By Troy Kitch-Oracle on Mar 16, 2015
The Biggest Breaches are Yet to Come
- Unauthorized access. Built with the notion of “data democratization”—meaning all data was accessible by all users of the cluster—Hadoop is unable to stand up to the rigorous compliance standards, such as HIPPA and PCI DSS, due to the lack of access controls on data. The lack of password controls, basic file system permissions, and auditing expose the Hadoop cluster to sensitive data exposure.
- Data provenance. In traditional Hadoop, it has been difficult to determine where a particular data set originated and what data sources it was derived from. At a minimum the potential for garbage-in-garbage-out issues arise; or worse, analytics that drive business decisions could be taken from suspect or compromised data.
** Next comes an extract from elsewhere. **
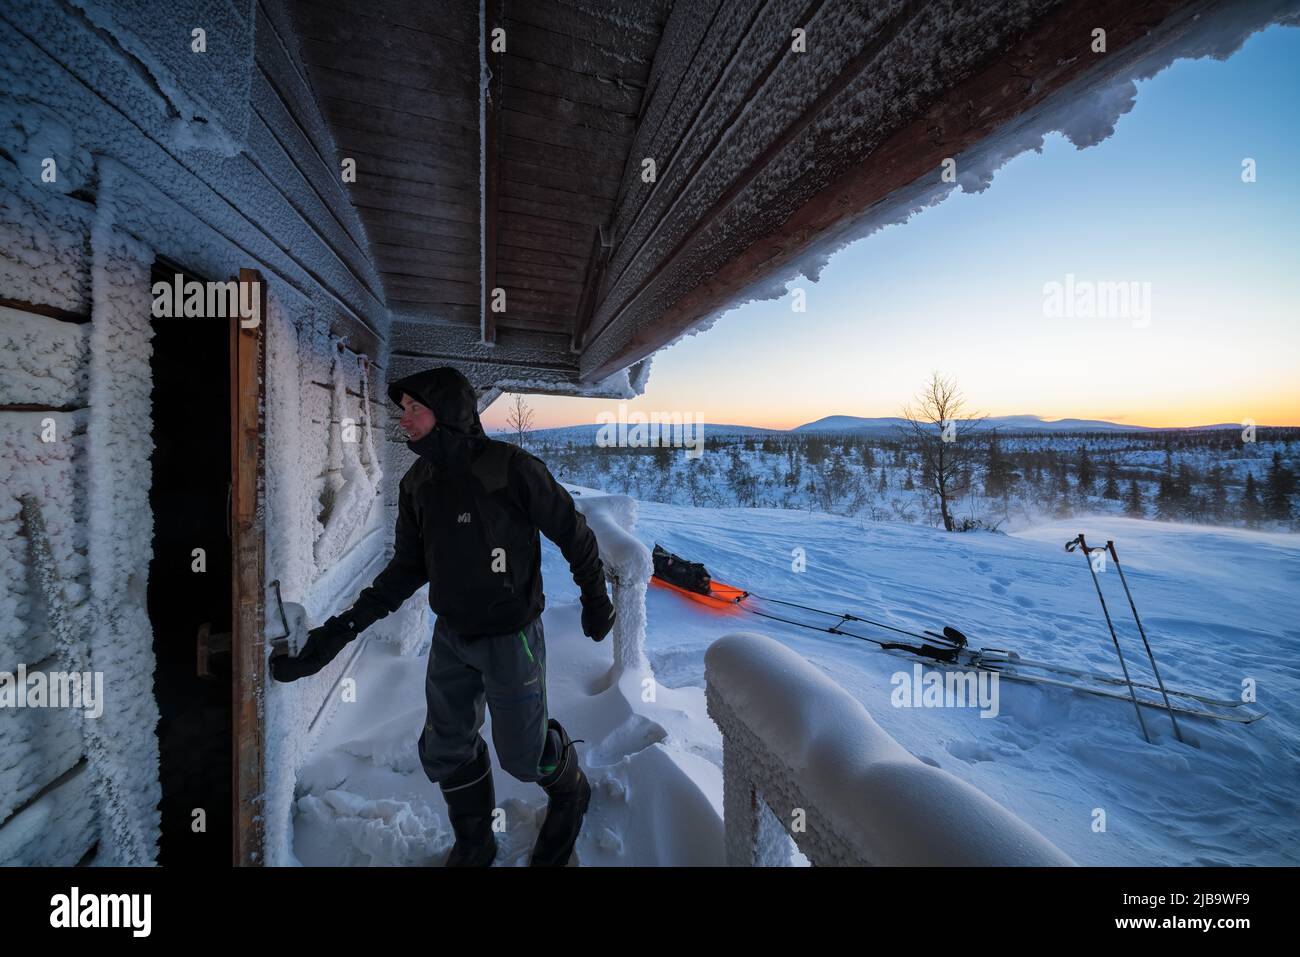 A Pahakuru capanna selvaggia aperta, Enontekiö, Lapponia, Finlandia Foto Stock
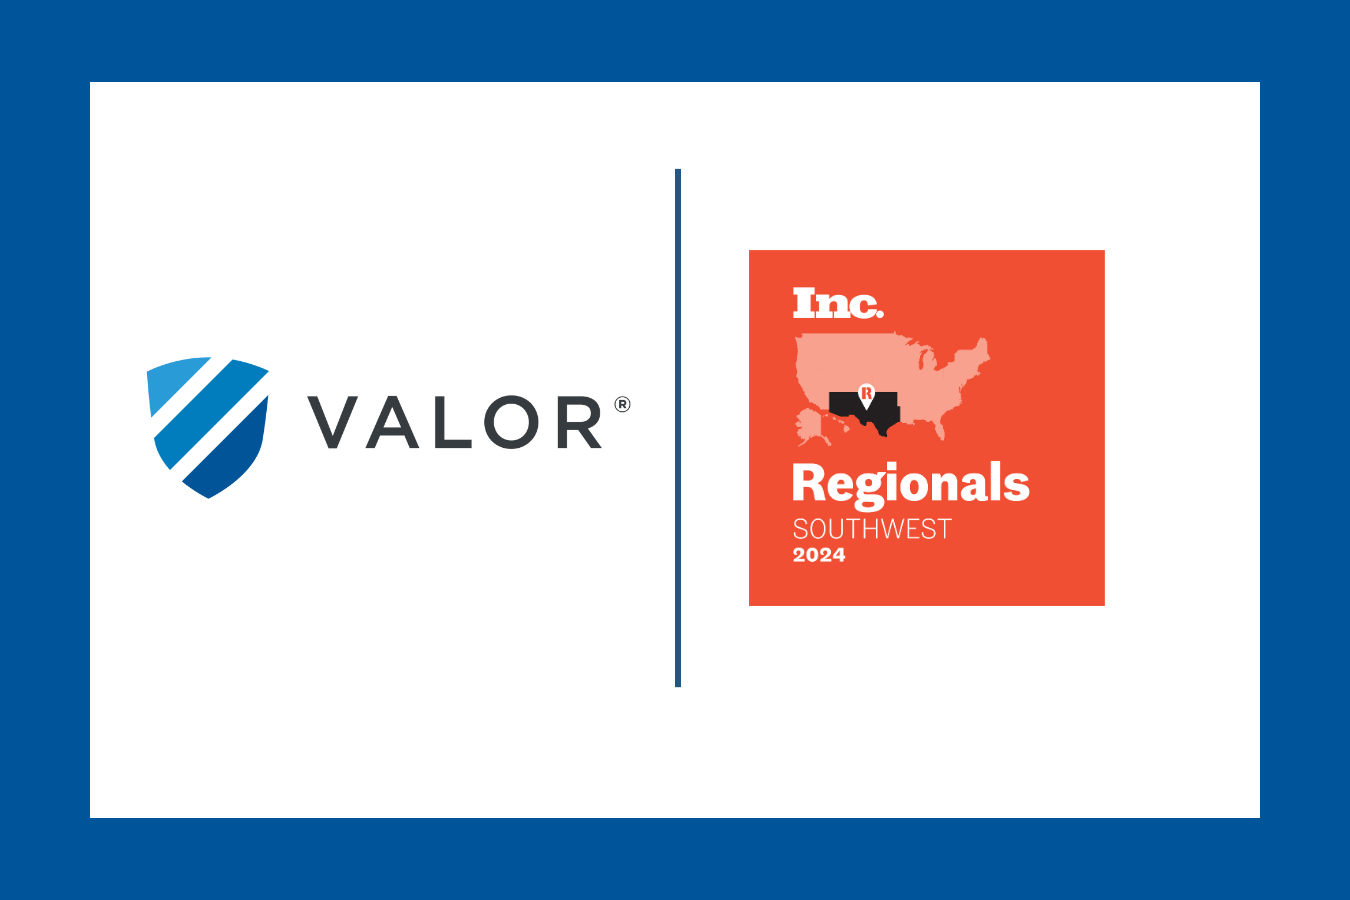 Valor Ranks No. 49 on 2024 Inc. Regionals SW

Users need to know the source of the data in order to trust its validity, which is critical for relevant predictive activities.
- DIY Hadoop. A build-your-own cluster presents inherent risks, especially in shops where there are few experienced engineers that can build and maintain a Hadoop cluster. As a cluster grows from small project to advanced enterprise Hadoop, every period of growth—patching, tuning, verifying versions between Hadoop modules, OS libraries, utilities, user management etc.—becomes more difficult. Security holes, operational security and stability may be ignored until a major disaster occurs, such as a data breach.